We performed similar computation as for PLI and PLI_red to obtain PI_Nemerow and PI_{Nemerow_red}. Their values are presented in Figure 7. The sites from cluster 2 and most of those from cluster 1 indicate a clean environment or a warning level. The exceptions are samples 6, 24, 25, 28, 54 (slight pollution), 66 and 79 (moderately polluted sites). The samples from cluster 1 are mostly moderately polluted. These results are generally concordant with those provided by PLI and PLI_red.

4. Conclusions

In this study, we proposed a multivariate analysis combined with pollution indices computation approach to addressed two objectives. The first one was evaluating the concentration of the 17 elements in agricultural soils from the Abu Dhabi Emirate and grouping the soils in clusters. The second one was investigating the agricultural soil pollution with different elements (using five pollution indices) and observing if the pollution extent is similar for the soil from the same cluster.

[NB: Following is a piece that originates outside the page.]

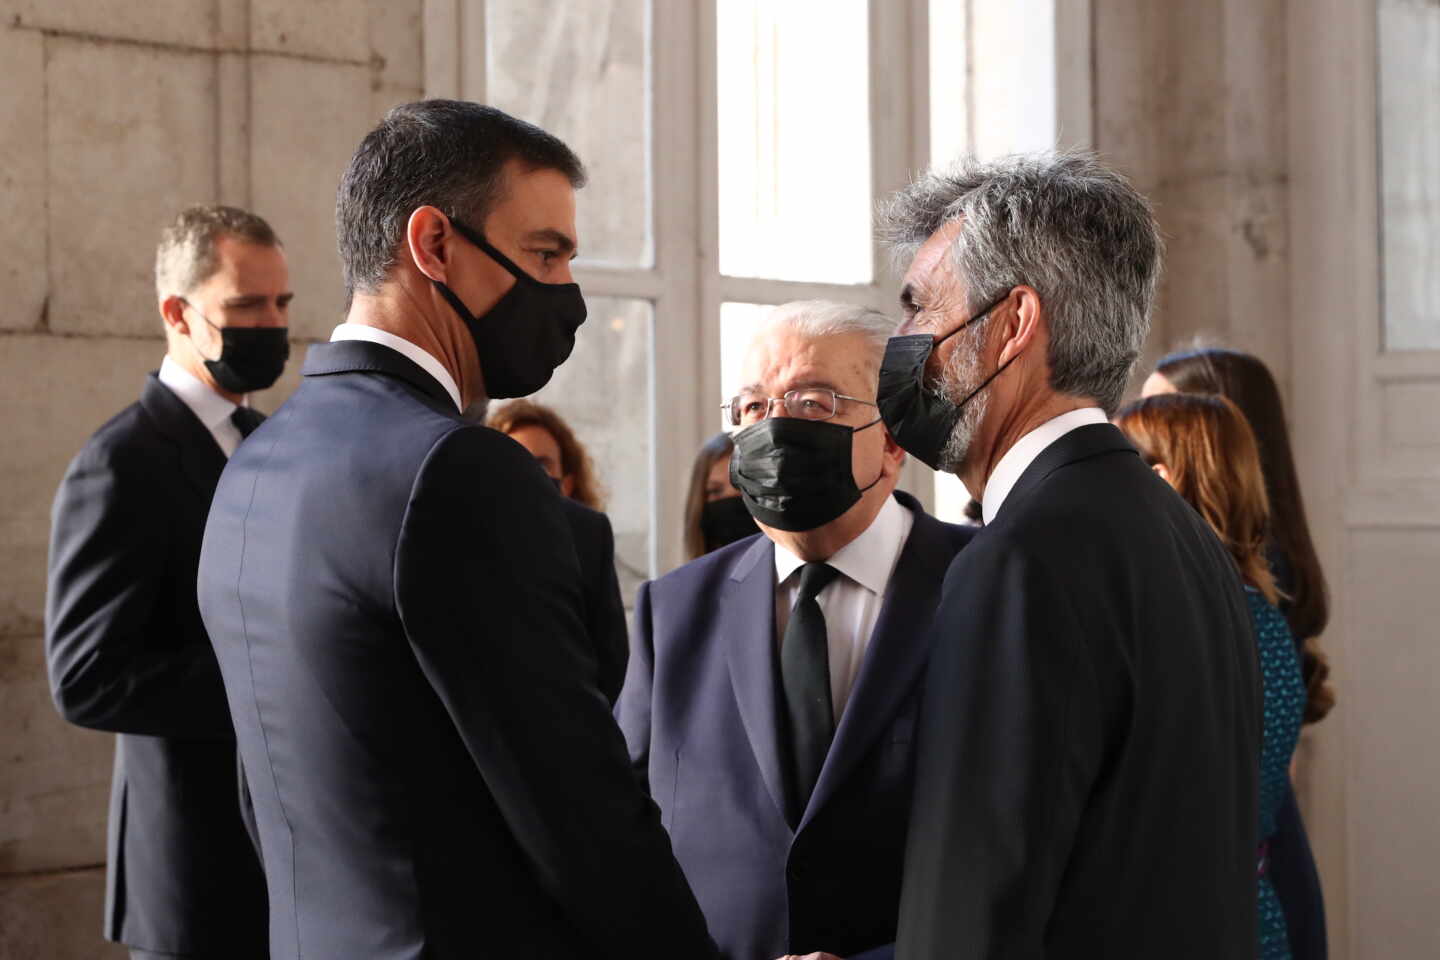 El presidente del Gobierno, Pedro Sánchez (1i), charla con el presidente del Tribunal Supremo y del Consejo General del Poder Judicial, Carlos Lesmes, en una imagen de archivo.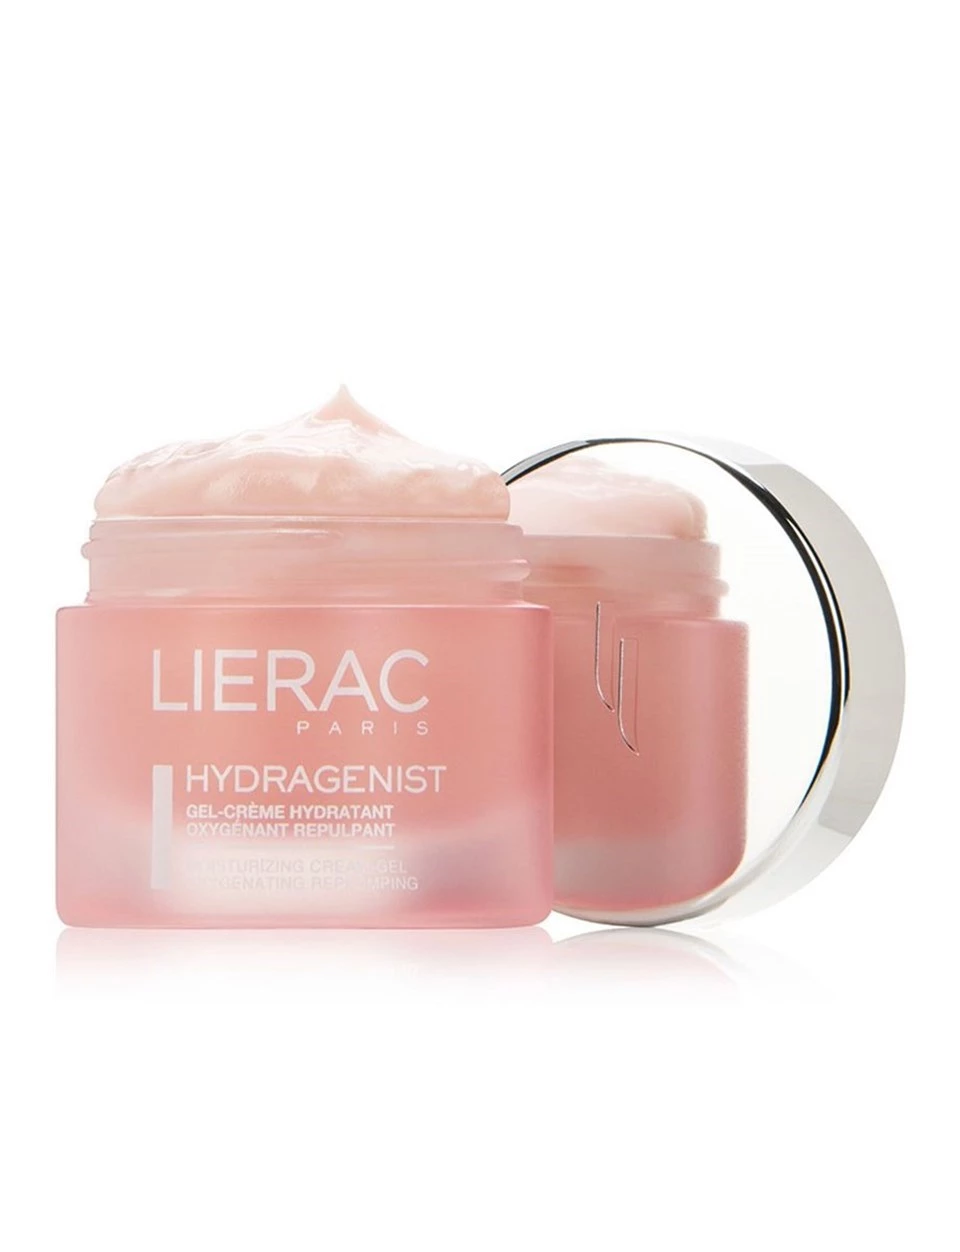 Lierac Hydragenist Moisturizing Cream 50ml

All indices show the highest contamination (especially with Cu, Pb, Zn, and Ni) in the soils included in the second cluster, indicating a common origin of pollutants in neighboring zones of the highways, roads with high traffic, emissions from fossil fuel, or industrial zones.

Enrichment factor analysis indicates that Cd, Ni, Zn, and Cr were highly enriched in soils, and they could originate from non-crustal sources. Thus, the enrichment factors should be used together with other pollution indices for assessing soil contamination.

In the future, we intend to investigate this relationship for a better understanding of the connection between the multivariate analysis and the pollution indicators that could be successfully utilized together for assessing the soil pollution in different regions and taking documented measures for reducing the contamination or avoiding it.